WORK TASK: Give every line of the material back exactly, images removed.

INPUT DATA:
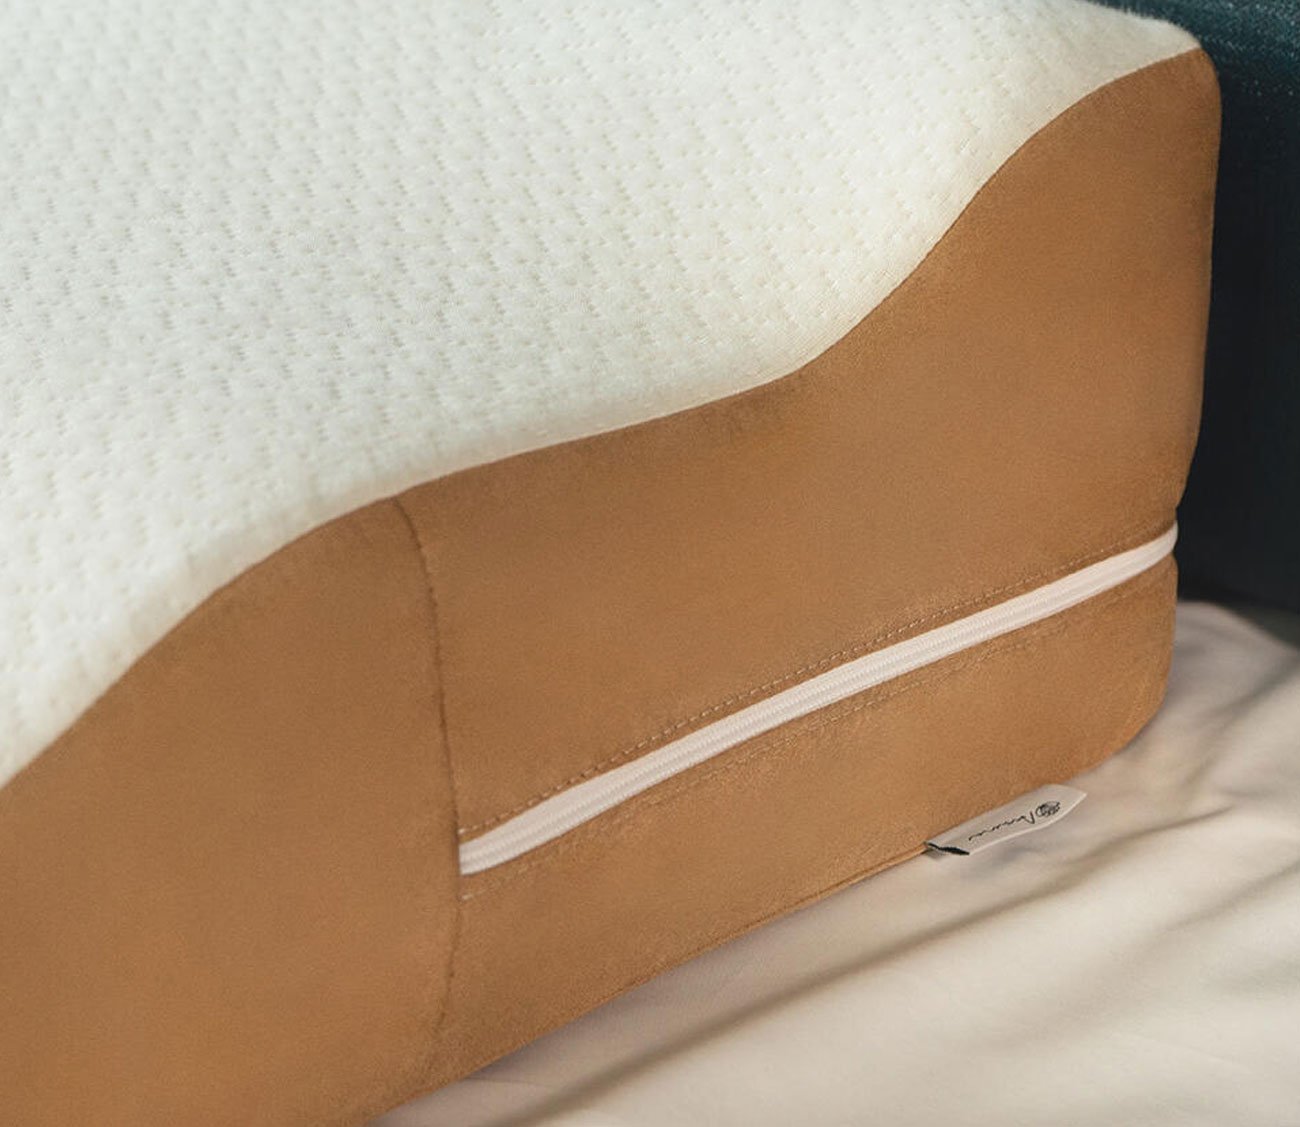 Wavy Contoured Bed Wedge Acid Reflux Memory Foam Pillow by Avana
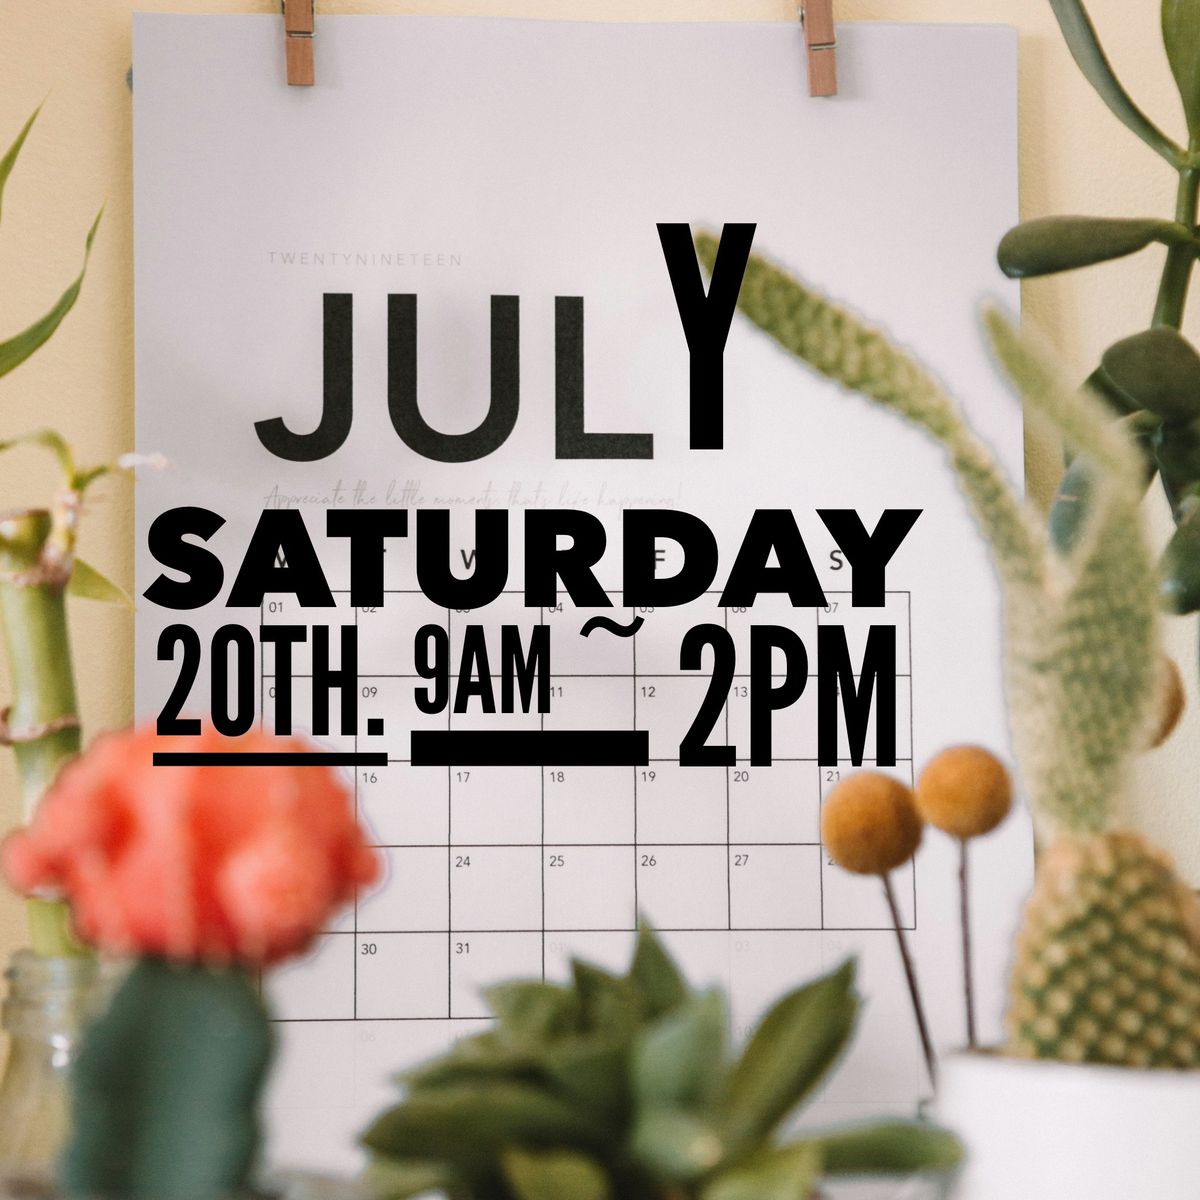 Saturday 20th July - Calwell Market 
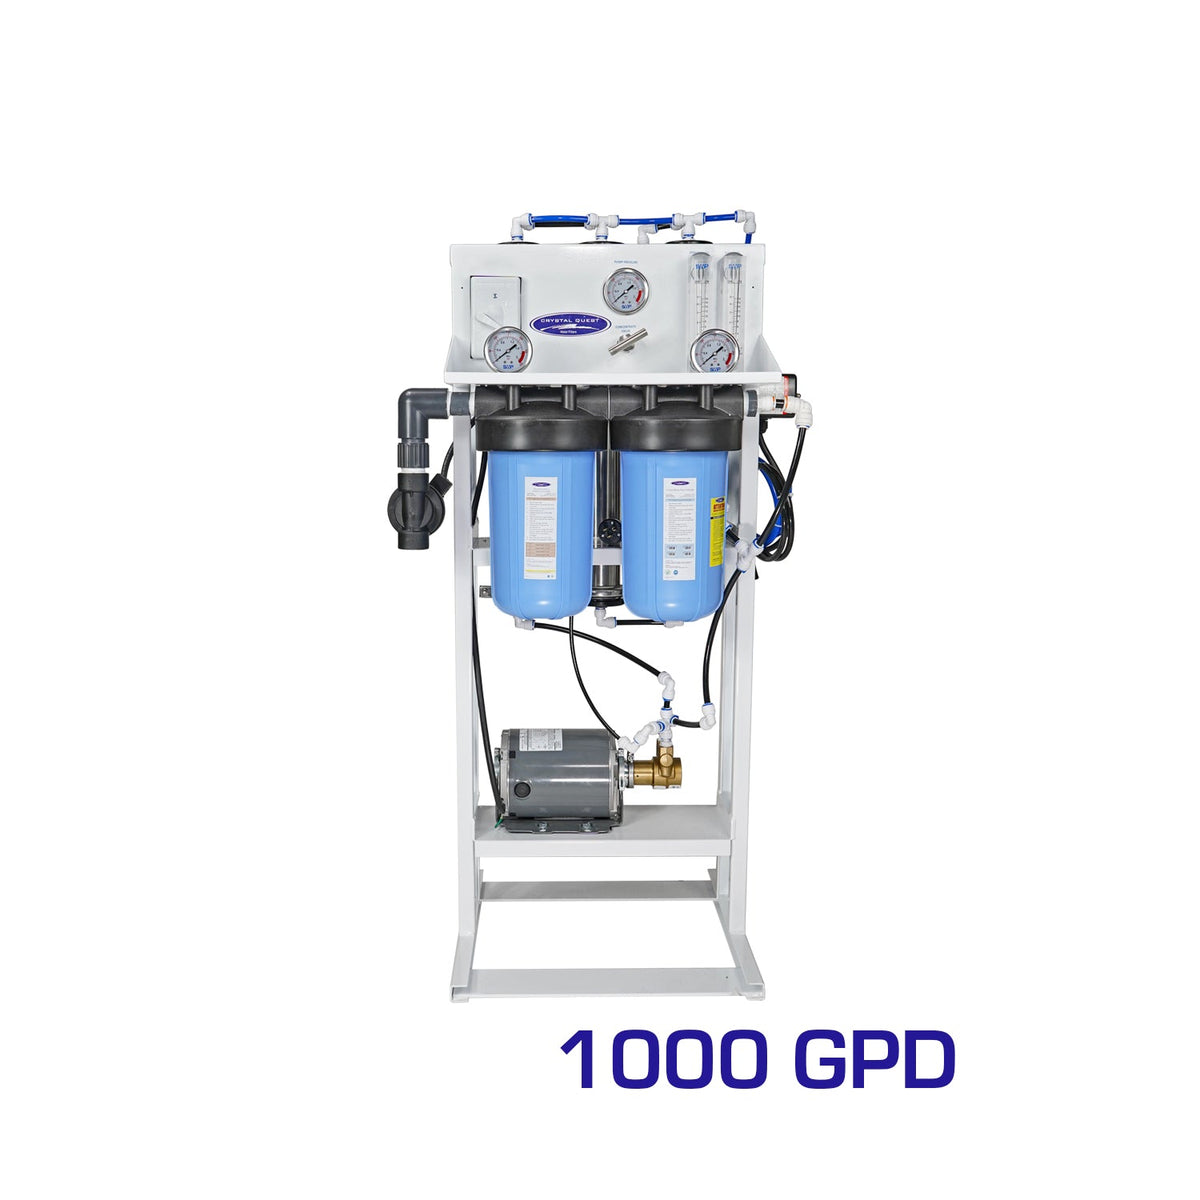 1000 GPD / Standalone Whole House Reverse Osmosis System - Reverse Osmosis System - Crystal Quest
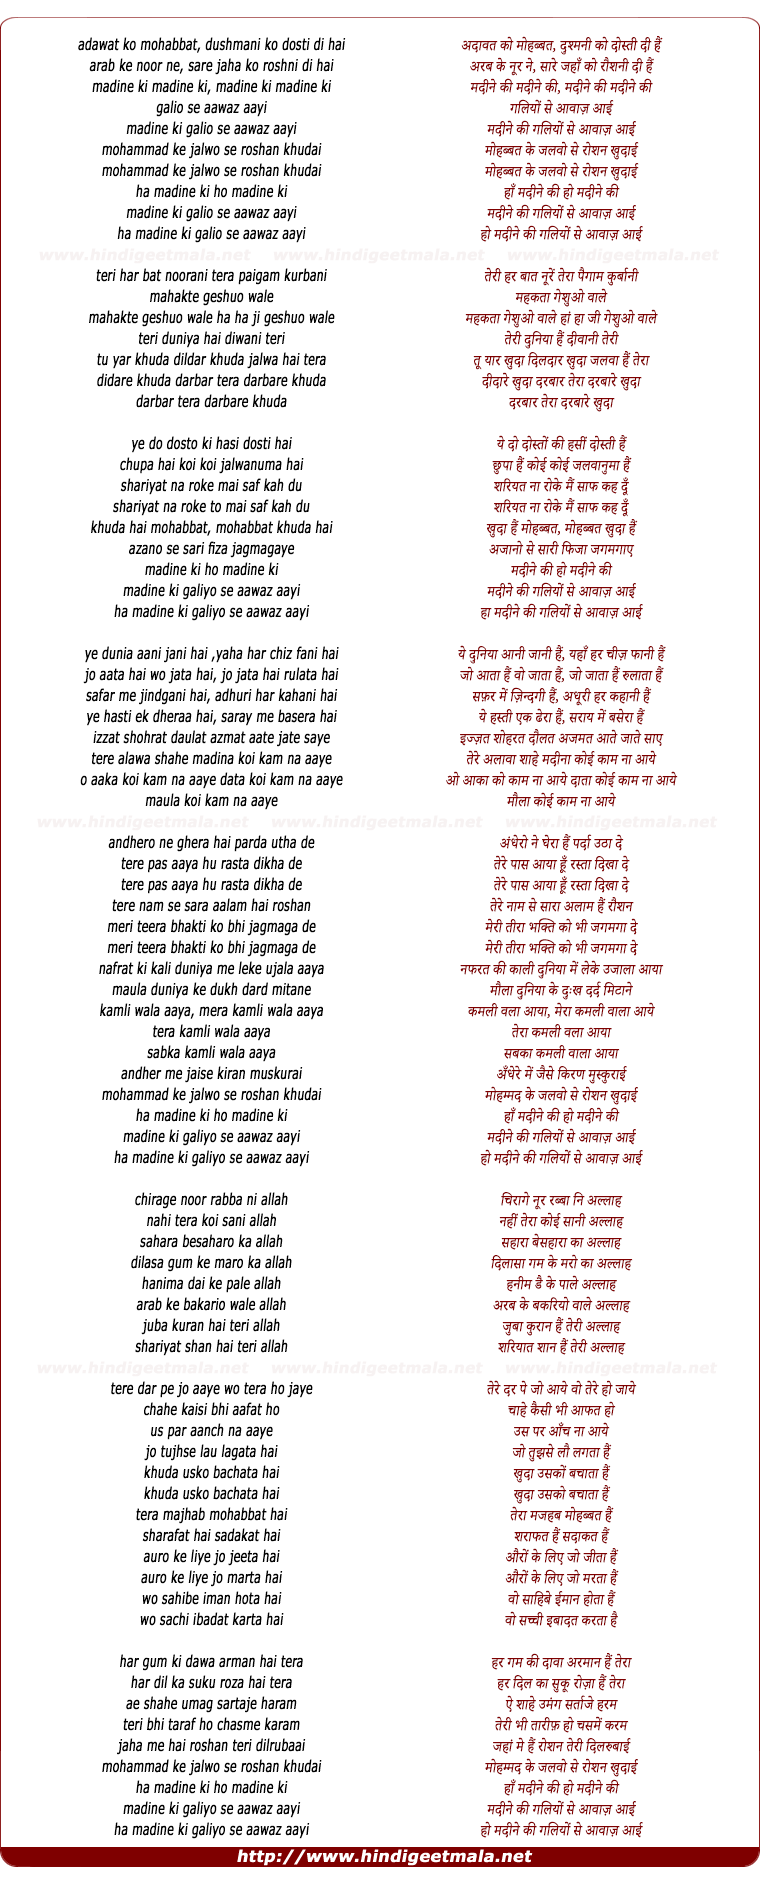 lyrics of song Madine Ki Galiyon Se Aawaz Aayi, Mohmmed Ke Jalwo Se Roshan Khudai

SOLUTION FOR THIS EXERCISE:
 Wavy Contoured Bed Wedge Acid Reflux Memory Foam Pillow by Avana
 Saturday 20th July - Calwell Market 
 1000 GPD / Standalone Whole House Reverse Osmosis System - Reverse Osmosis System - Crystal Quest
 lyrics of song Madine Ki Galiyon Se Aawaz Aayi, Mohmmed Ke Jalwo Se Roshan Khudai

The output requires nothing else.